Net Operating Income
Net operating income is calculated as petroleum and natural gas revenue less royalties, net operating expenses and transportation expenses. Net operating income multiple is calculated as purchase price of the acquisition divided by the annual net operating income related to the acquisition. Management uses this metric as an indication of the cost of the acquisition in relation to the net operating income from the acquired business.
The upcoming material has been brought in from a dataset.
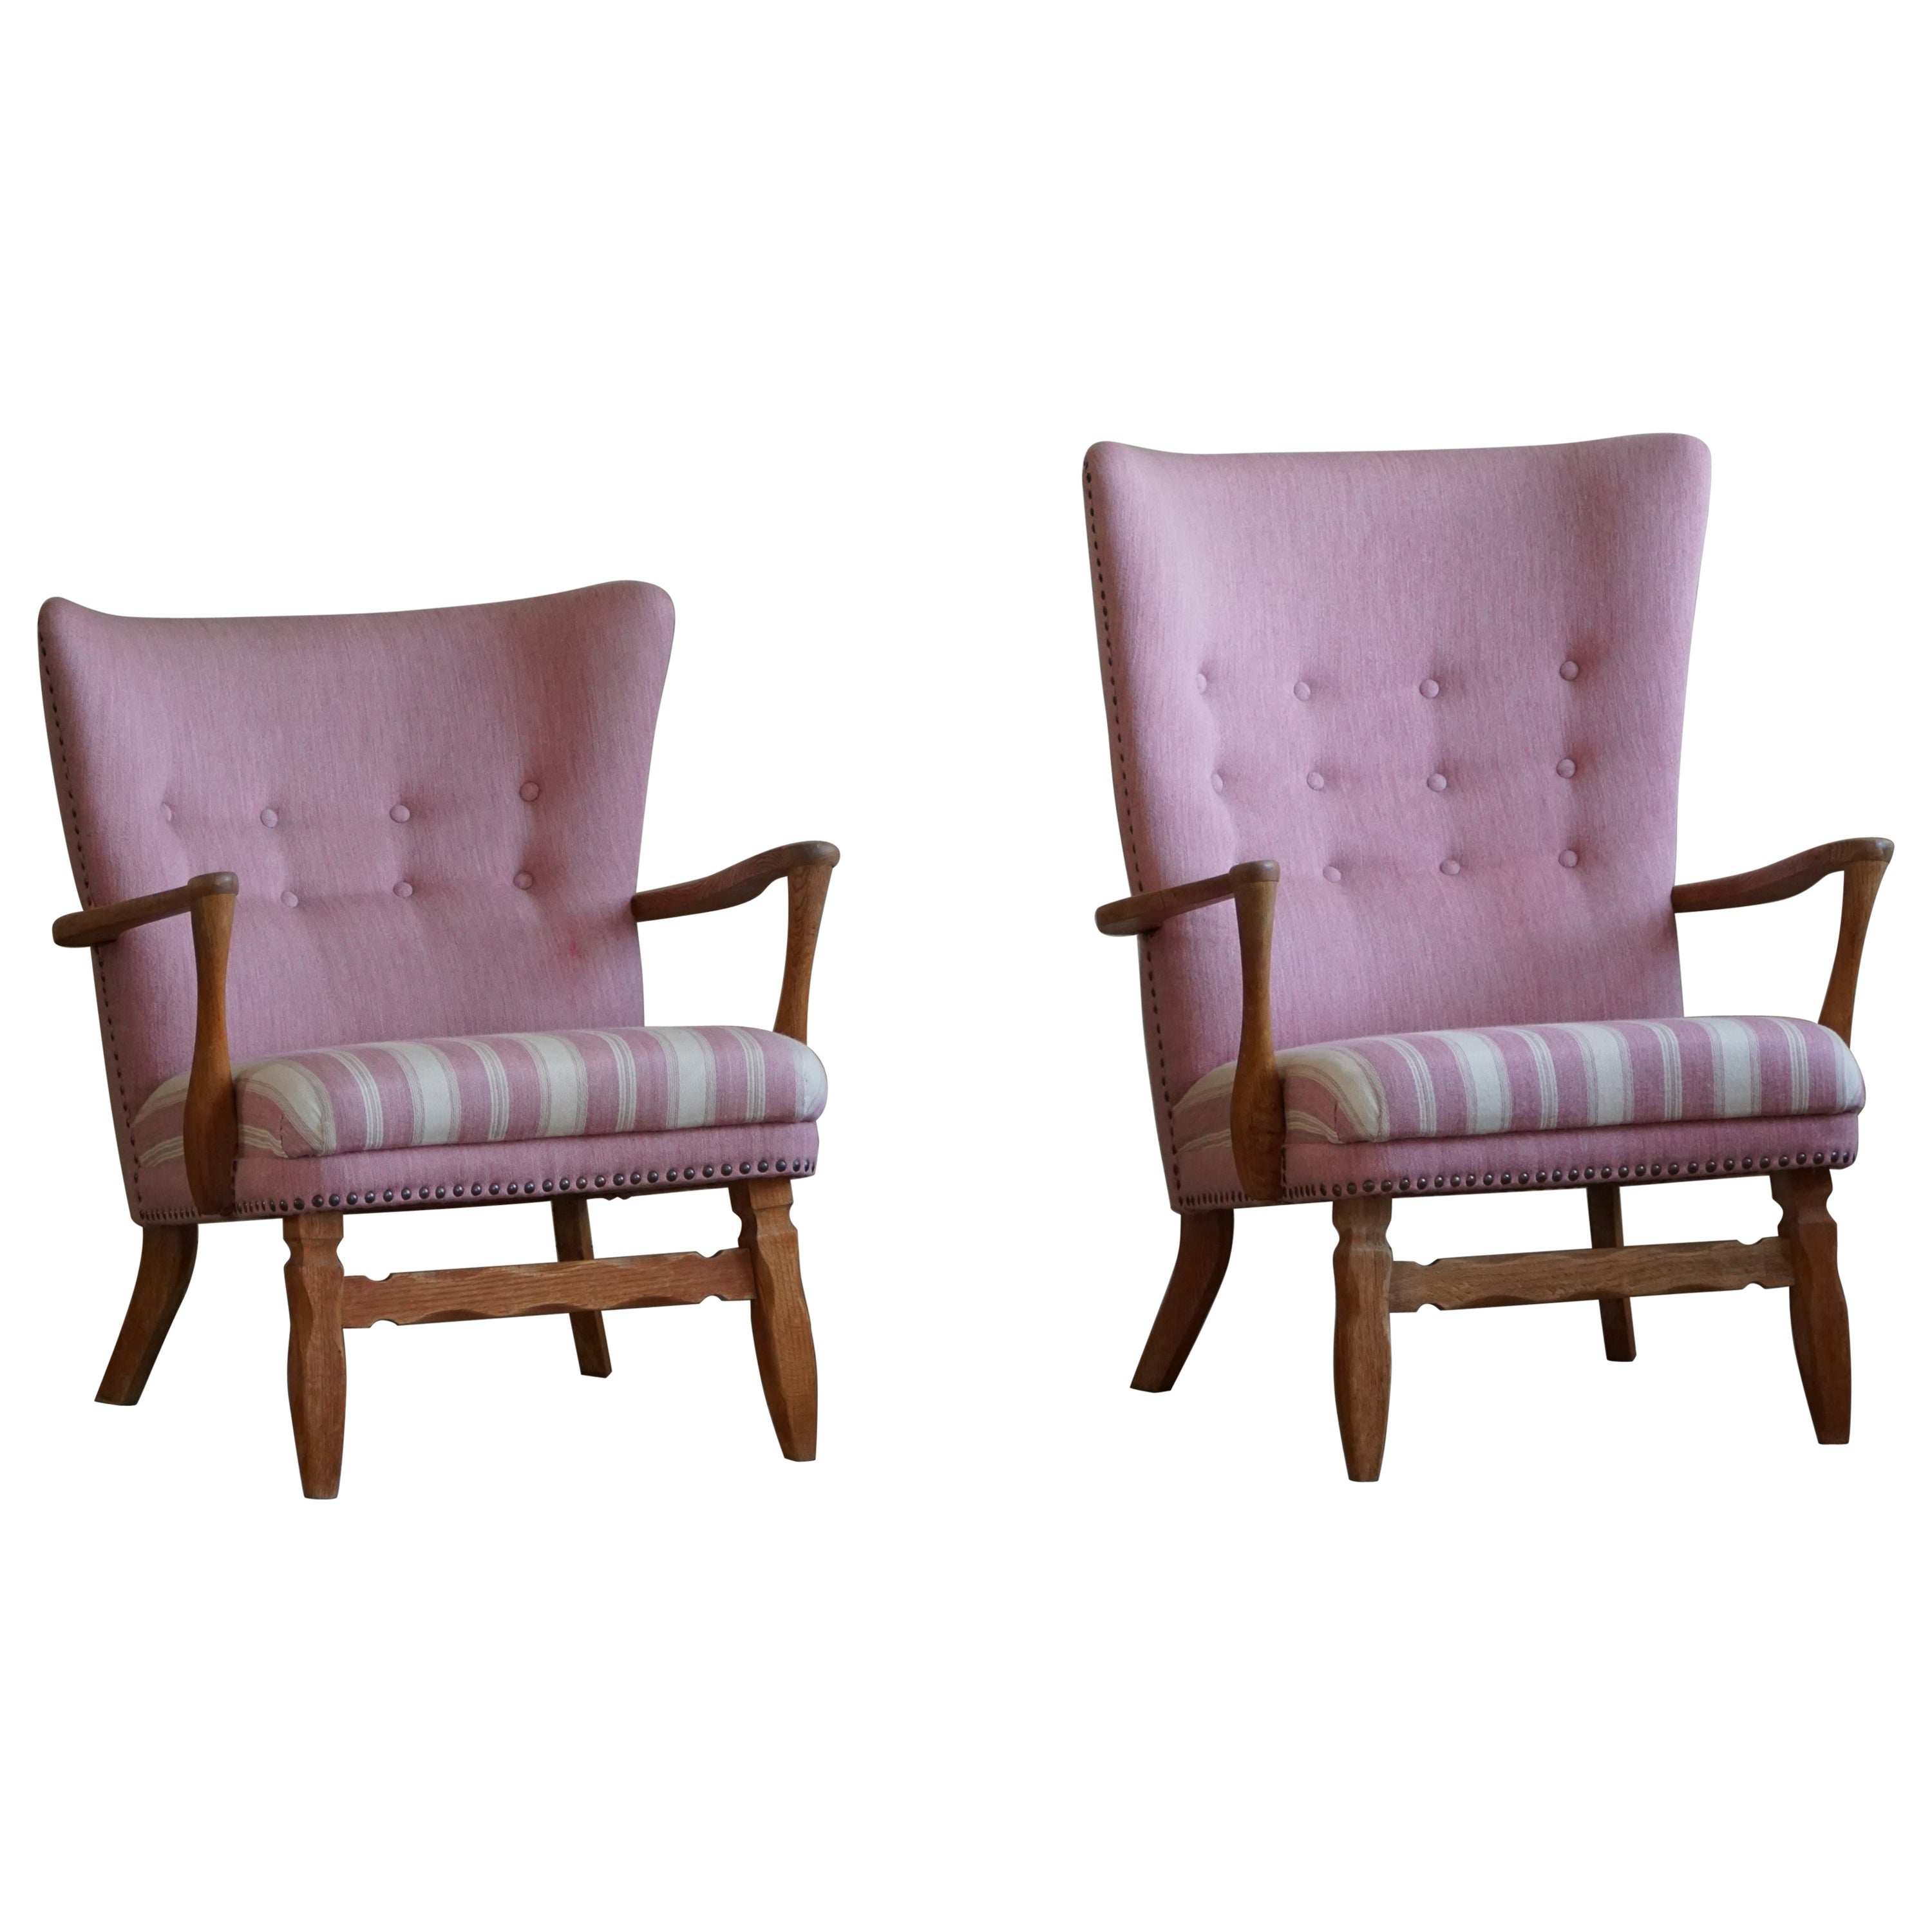 Pair of Midcentury Danish Modern Lounge Chair in Oak, Viggo Boesen, 1960s For Sale
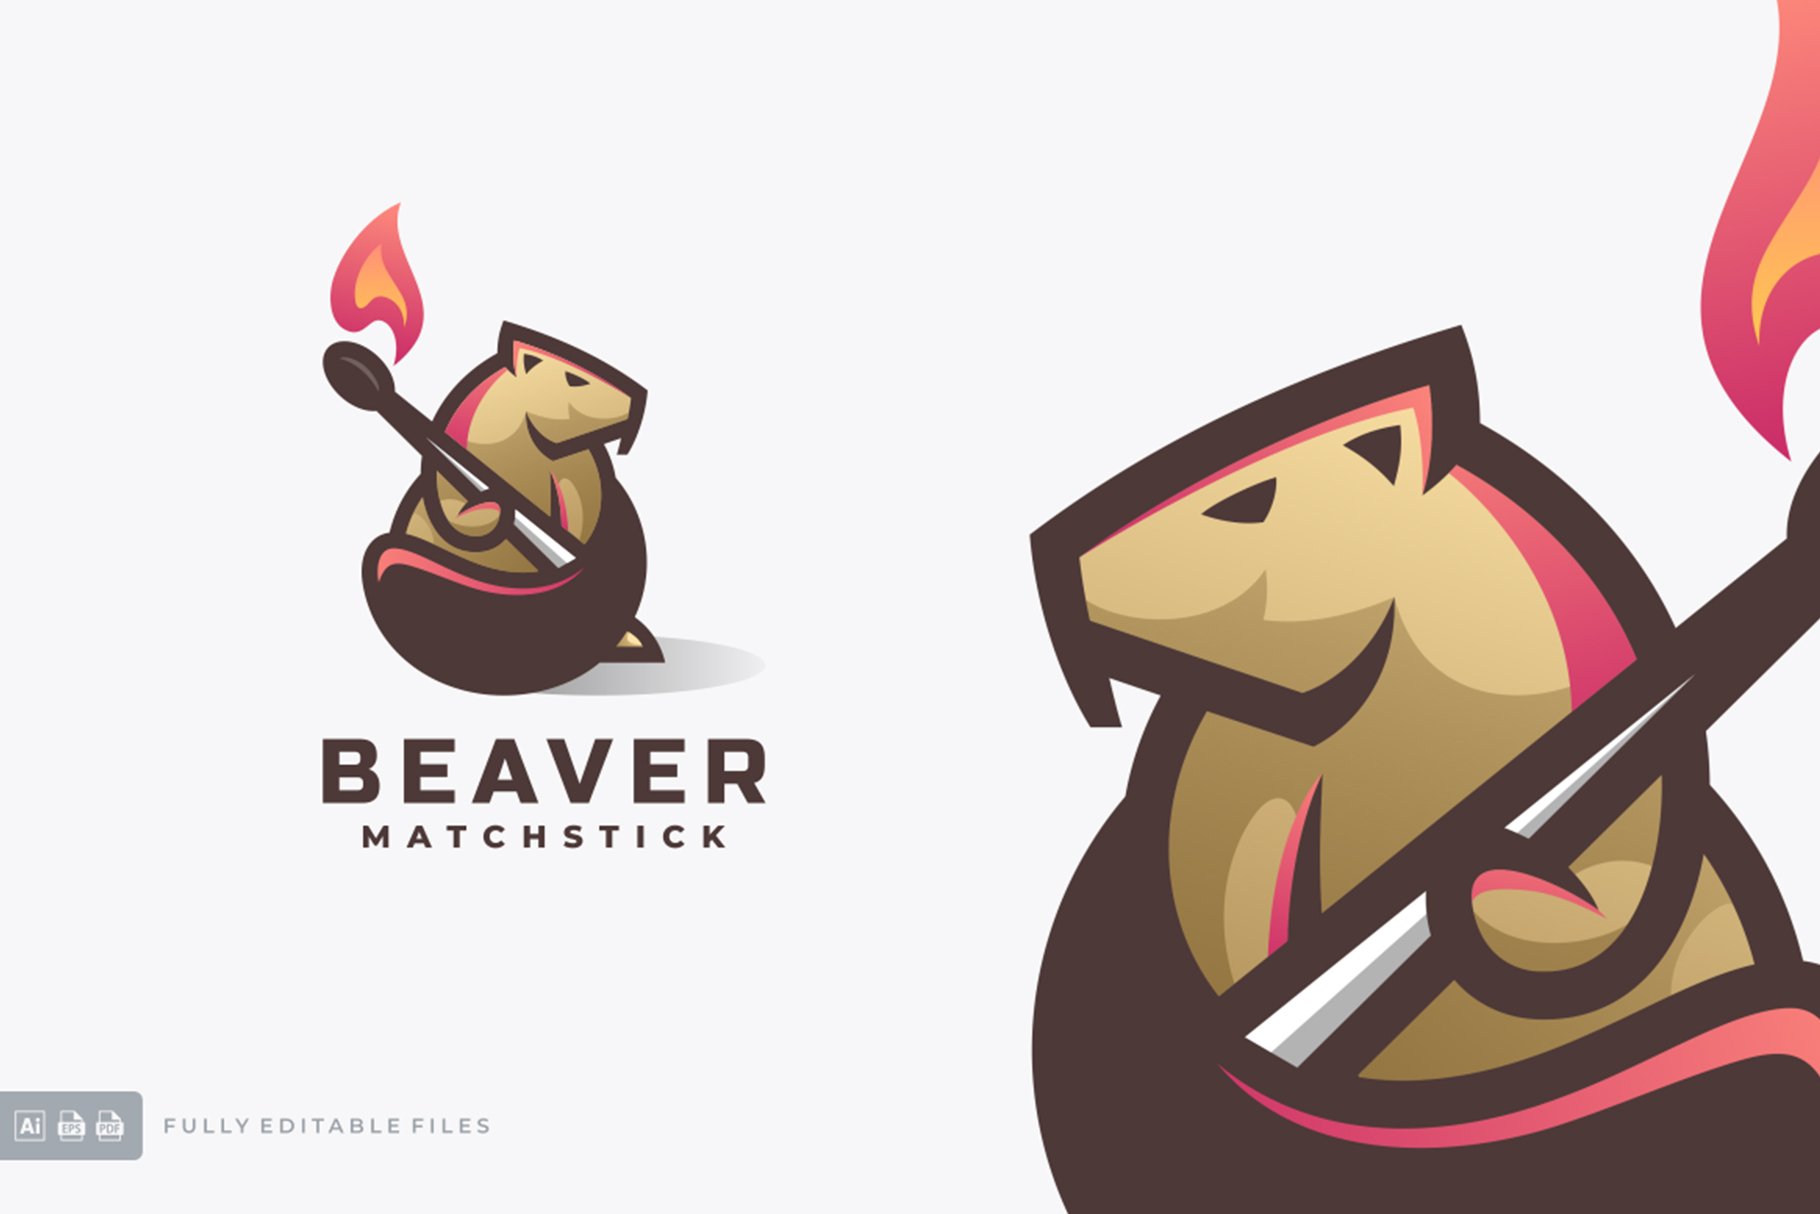 Beaver Simple Mascot Logo cover image.

Cash Flow & Adjusted Funds Flow
Cash flow is defined as cash from operating activities before changes in non-cash working capital. The Company further adjusts cash flow from operating activities in calculating adjusted funds flow for changes in decommissioning expenditures and transaction and other costs. Management believes the timing of collection, payment or incurrence of these items involves a high degree of discretion and as such may not be useful for evaluating TPC's cash flows. Changes in non-cash working capital are a result of the timing of cash flows related to accounts receivable and accounts payable, which management believes reduces comparability between periods. Management views decommissioning expenditures predominately as a discretionary allocation of capital, with flexibility to determine the size and timing of decommissioning programs to achieve greater capital efficiencies and as such, costs may vary between periods. Transaction and other costs represent expenditures associated with acquisitions, which management believes do not reflect the ongoing cash flows of the business, and as such reduces comparability. Each of these expenditures, due to their nature, are not considered principal business activities and vary between periods, which management believes reduces comparability.
Neither the TSX Venture Exchange nor its Regulation Service Provider (as that term is defined in the policies of the TSX Venture Exchange) accepts responsibility for the adequacy or accuracy of this release.